A.5.1. Modèles structurés autour d'une carte de saillance

A.5.1.1. Modèles fortement exogènes

A.5.1.1.1. Modèles "classiques" à carte de saillance (Treisman & Gelade, 1980 ; Koch & Ullman,1985 ; Itti & Koch, 2000)

Treisman et Gelade (1980) postulaient que le traitement perceptif était initialement ségrégé en divers canaux de traitement, spécifique chacun d'une certaine dimension perceptive (p. ex. couleur, orientation, etc., voir Felleman & Van Essen, 1991). Les différents traits d'un objet étaient ensuite supposé être intégrés ensemble par l'opération de l'attention sélective. Plus tard, Treisman et Souther (1985) ont proposé l'existence d'une carte "maîtresse", représentant les localisations marquées par des discontinuités perceptives, indépendamment de toute information perceptive. Cette carte maîtresse, attentionnelle, était supposée permettre de lier entre eux les traits perceptifs d'un item (répondant ainsi au potentiel problème dit du liage perceptif, ou "binding problem", voir Roskie, 1999).

Une perspective similaire était développée la même année par Koch et Ullman (1985), qui conçoivent la carte de saillance comme un élément central de l'orientation de l'attention. Ils en proposent des règles de computation. Dans chaque carte de traits, des différences sont calculées afin de rendre compte des contrastes de traits, qu'on sait plus déterminants que les intensités considérées isolément (Hübel et Wiesel, 1959, Nothdurft, 1993 ; Knierim & Van Essen, 1992 ; voir partie A.1.2).

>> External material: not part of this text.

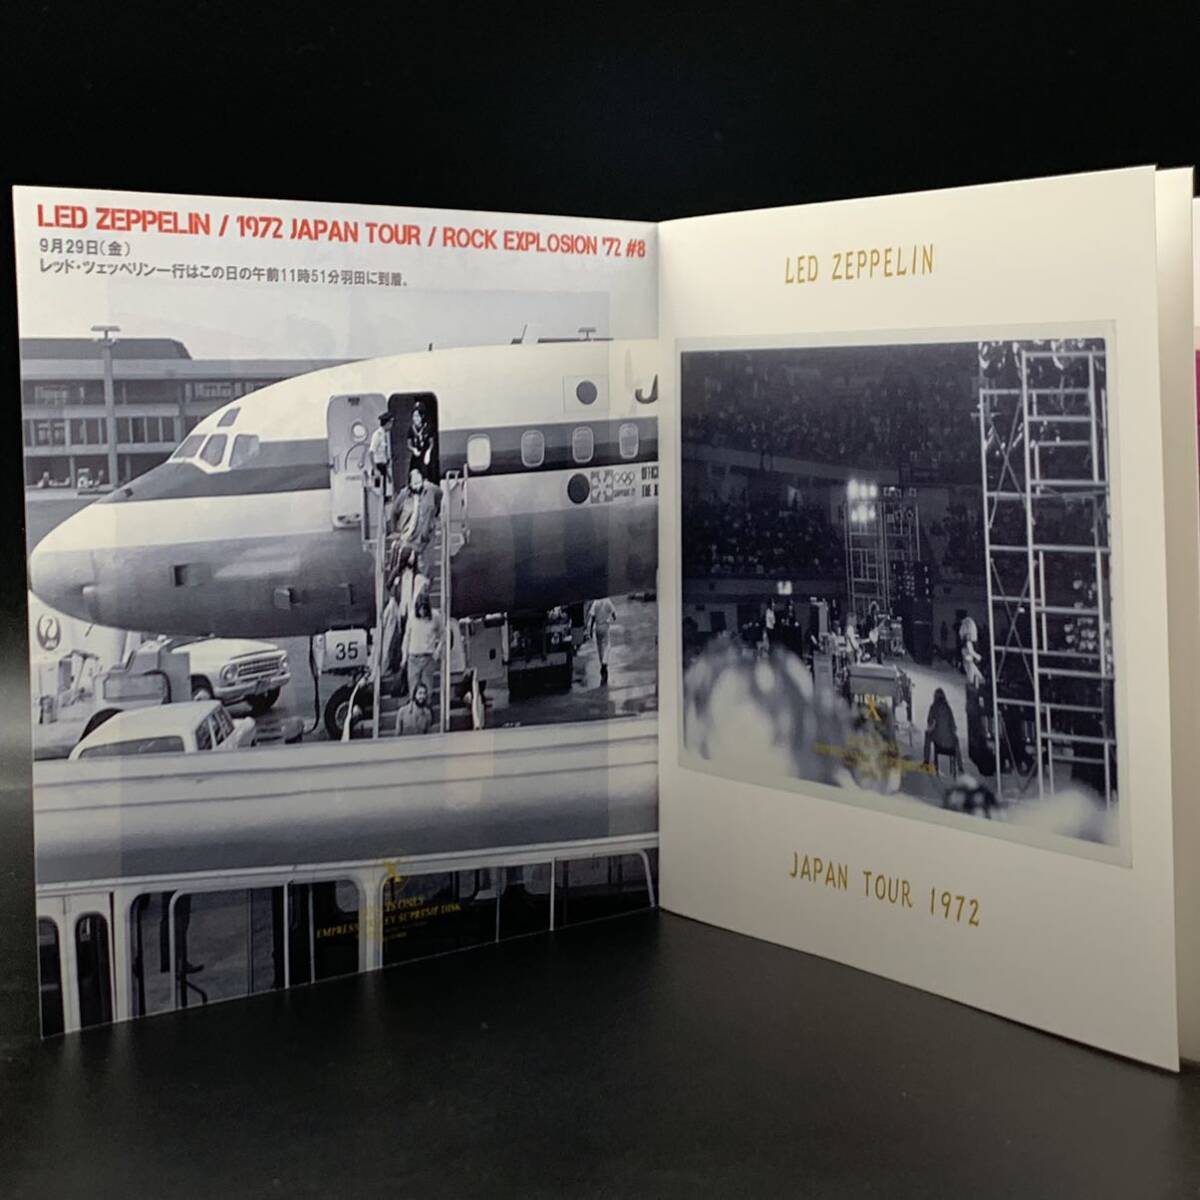 LED ZEPPELIN / JET STREAM - Pro Use Only 4CD Box with Booklet Set : Super Rare!! Hard to Find!! For enthusiastic collector only!!_画像5

Ces activités sont ensuite combinées selon des facteurs multiplicateurs particuliers au sein de la carte de saillance, qui est ensuite censée déterminer la sélection attentionnelle de la cible, à la position de la plus forte activation.

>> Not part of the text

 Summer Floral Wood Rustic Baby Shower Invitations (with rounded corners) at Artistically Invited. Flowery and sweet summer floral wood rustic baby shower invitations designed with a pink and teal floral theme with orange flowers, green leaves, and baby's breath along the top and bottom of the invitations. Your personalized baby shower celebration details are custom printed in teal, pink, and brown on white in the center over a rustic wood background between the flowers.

Ces idées ont eu une popularité et un retentissement très importants, au point qu'aujourd'hui la plupart des modèles se structure autour de cette hypothétique carte de saillance (Itti & Koch, 2000 ; Michael et al., 2006 ; Navalpakkam & Itti, 2005 ; Theeuwes, 1993, 2010a ; Wolfe, 1994 ; voir cependant Deco & Rolls, 2005 ; Hamker ; 2003 ; 2005 ; vanRullen, 2003). L'hypothèse centrale de ces modèles tient sans doute en partie à l'influence majeure de la saillance dans l'orientation de l'attention. Ces modèles perpétuent les dichotomies traditionnelles entre traitements parallèles et sériels, pré-attentifs et post-sélectifs (Broadbent, 1958 ; Neisser, 1967). En effet, alors que les computations au sein des cartes de traits ainsi que pour la carte de saillance sont supposées se réaliser de façon parallèle et indépendamment de "ressources attentionnelles", les traitements consécutifs à la sélection attentionnelle ne peuvent concerner qu'un item à la fois (éventuellement un petit nombre) et sont considérés comme sériels. Afin de permettre le déplacement sériel d'un item à l'autre, un mécanisme semble nécessaire, dans ce cadre conceptuel, à la suppression de l'activité de saillance maximale, afin d'éviter qu'un même item saillant ne se voie re-sélectionner indéfiniment. La plupart des auteurs font incomber ce rôle à des processus liés à l'inhibition de retour (cf. Posner & Cohen, 1984 ; Klein, 2000), considérant qu'ils permettraient de supprimer les activités liées aux items non-pertinents sitôt après qu'ils ont fait l'objet d'une sélection attentionnelle (p. ex. Itti & Koch, 2000 ; Michael et al., 2006).